Il semble que la première phase de domination élamite date de la période proto-élamite (c.3100-2800). La première mention historique de Suse date de l'époque du royaume d'Akkad, dans lequel elle est incorporée depuis le règne de Sargon (2334-2279). C'est le souverain d'Awan, Puzur-Inshushinak, qui fait rentrer la cité dans la mouvance élamite après l'effondrement du royaume d'Akkad. Mais les Mésopotamiens reviennent ensuite au début du XXIè siècle, en la personne de Shulgi, souverain d'Ur. Quand Kindattu, le roi de Simashki, abat le royaume d'Ur en 2004, Suse retourne dans la domination élamite.

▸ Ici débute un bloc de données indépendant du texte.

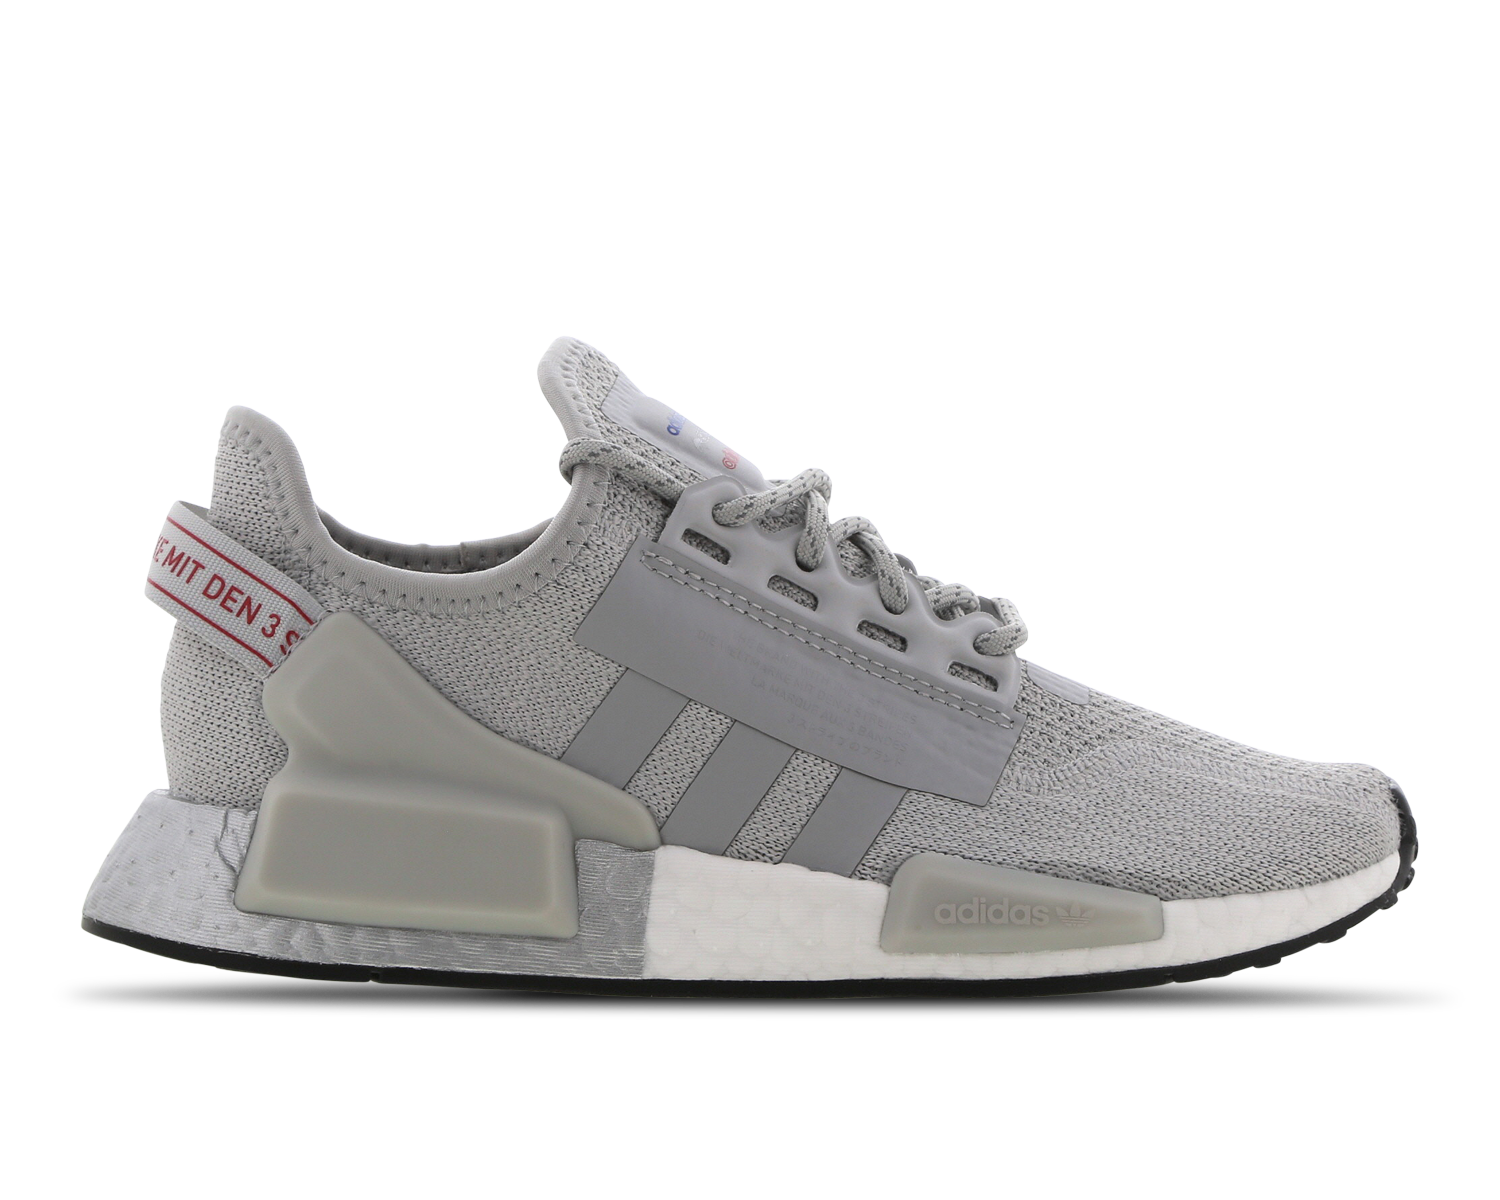 Cheap Adidas nmd nomad NMD R1 PK Primeknit Olive Camo Size 8
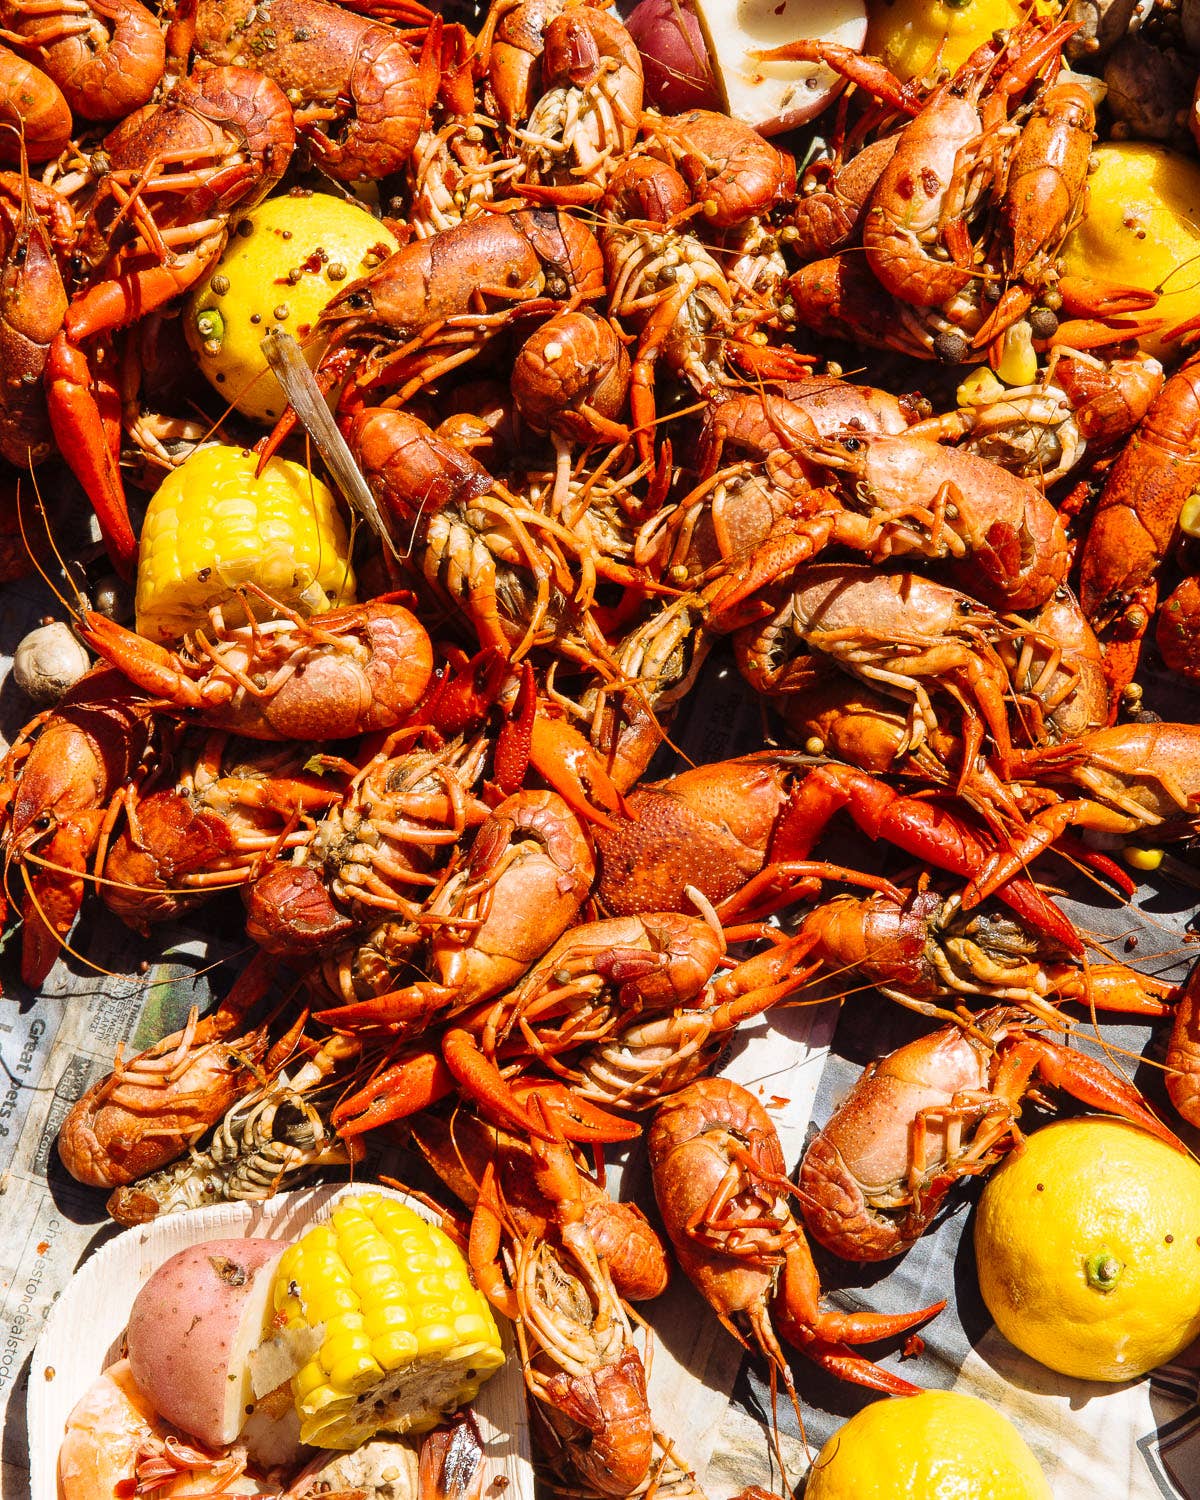 What’s Goes Into a Crawfish Boil? (Besides Crawfish, That Is)

Elle y restera définitivement malgré quelques assauts Mésopotamiens, mais qui n'établissent pas de domination durable sur la région. Quand les Élamites dominent Suse, ils en font une de leurs capitales. Mais, il semble qu'en dehors des dignitaires élamites, la population de la ville reste majoritairement akkadienne. Les Élamites ont au moins tenté une fois d'implanter leur culture en Susiane, sous le règne d'Untash-Napirisha (1345-1305), qui construit à Dur-Untash (Chogha Zanbil), près de Suse, un centre cultuel destiné essentiellement au culte de divinités élamites en plus d'Inshushinak. Cela entama un lent processus d'élamitisation de la Susiane, poursuivi par les Shutrukides, qui s'installent à Suse.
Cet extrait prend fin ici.